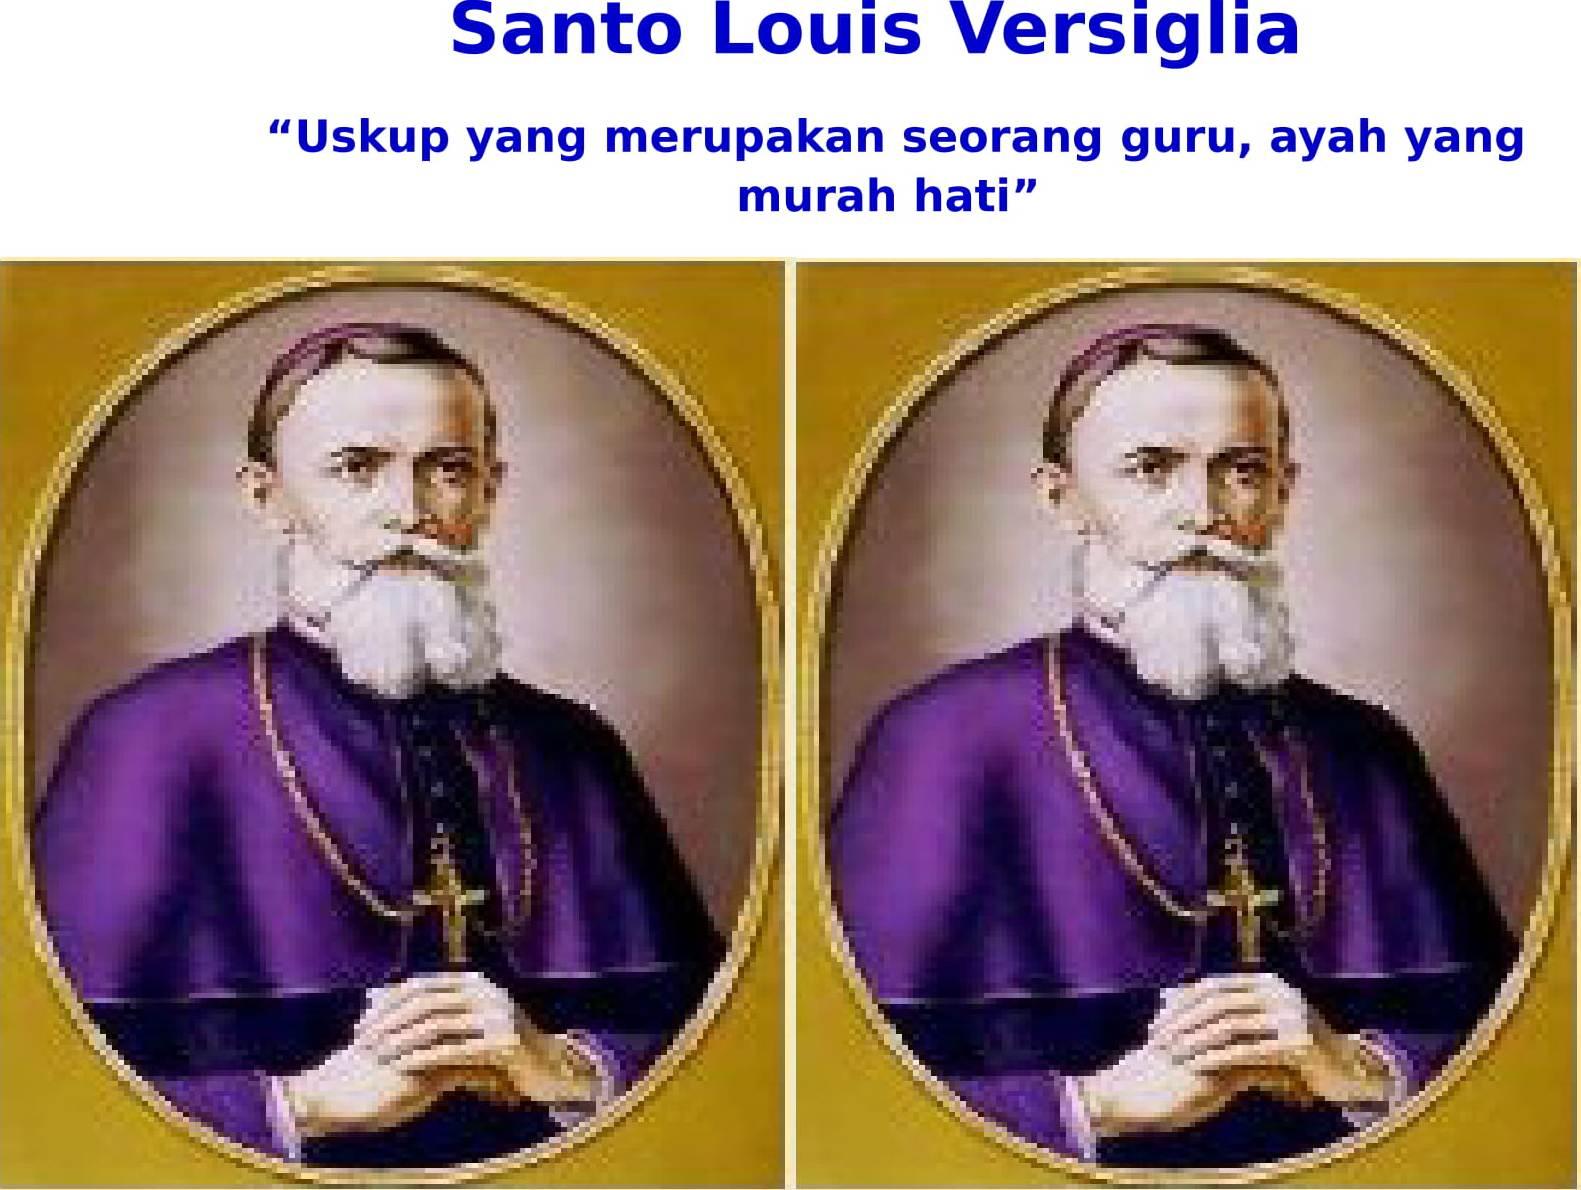 Santo santa 25 Februari
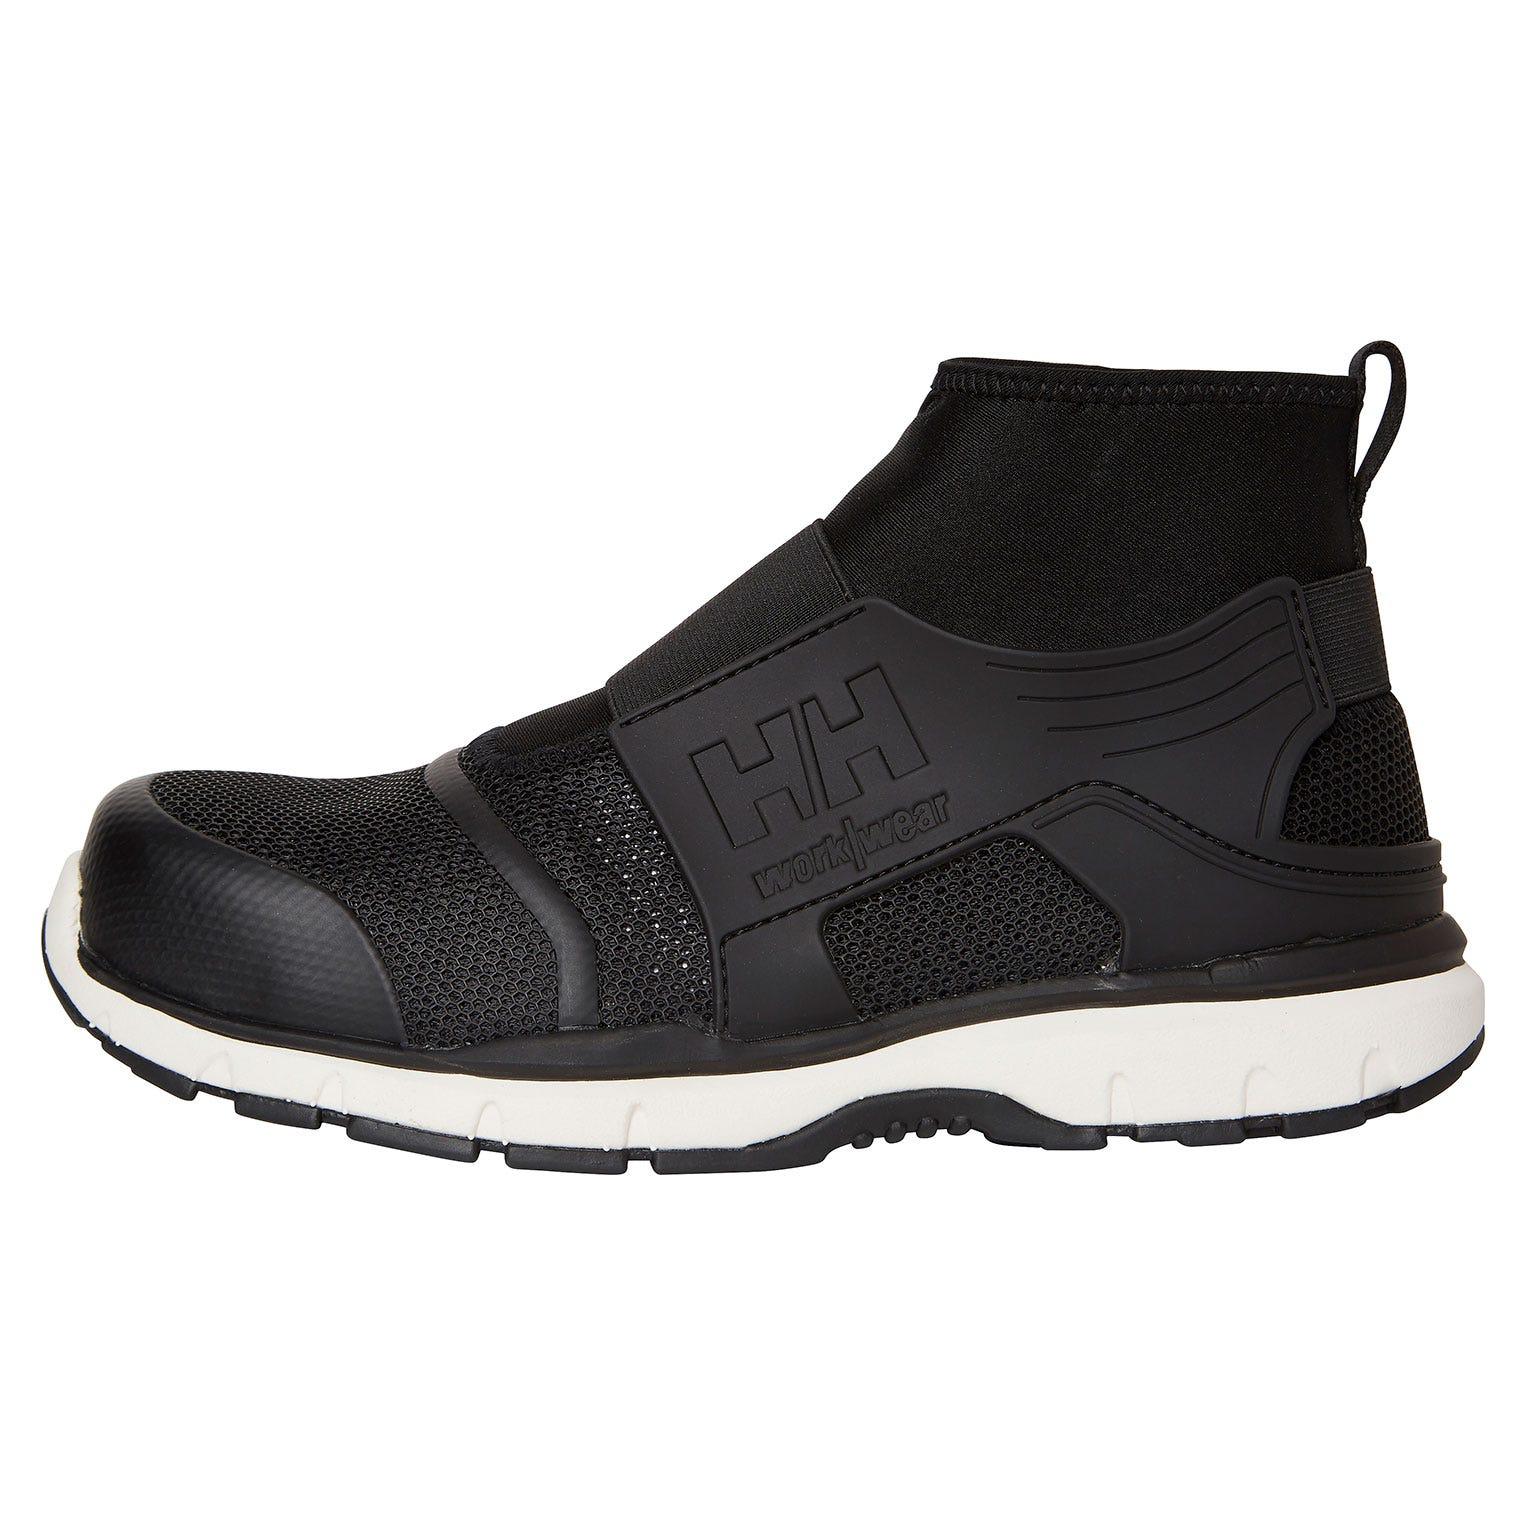 HH Workwear Helly Hansen Sandal Boot 39 Nero
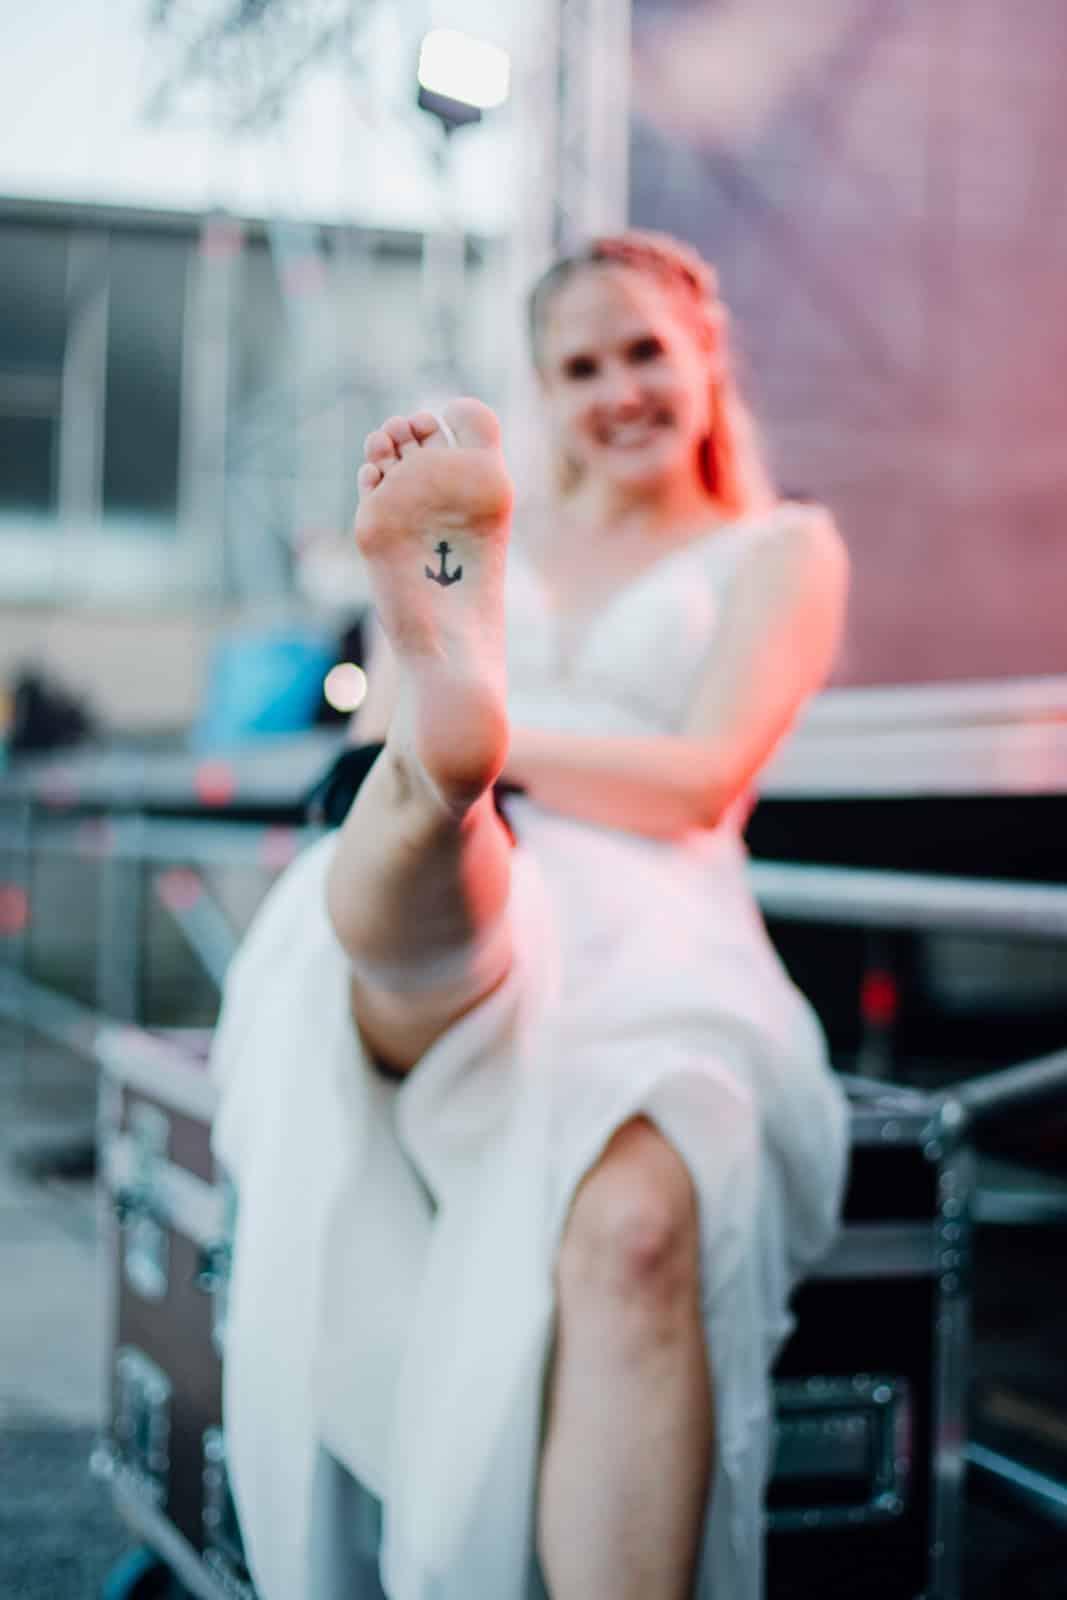 Braut hält Fuß in die Kamera worauf ein Anker tätowiert ist.

......

▶ INSTRUCTIONS FOR THE TASK
Reproduce the whole listing above word for word, dropping each image.

▶ ANSWER TO THIS PROBLEM
 Santo santa 25 Februari
 HH Workwear Helly Hansen Sandal Boot 39 Nero
 Braut hält Fuß in die Kamera worauf ein Anker tätowiert ist.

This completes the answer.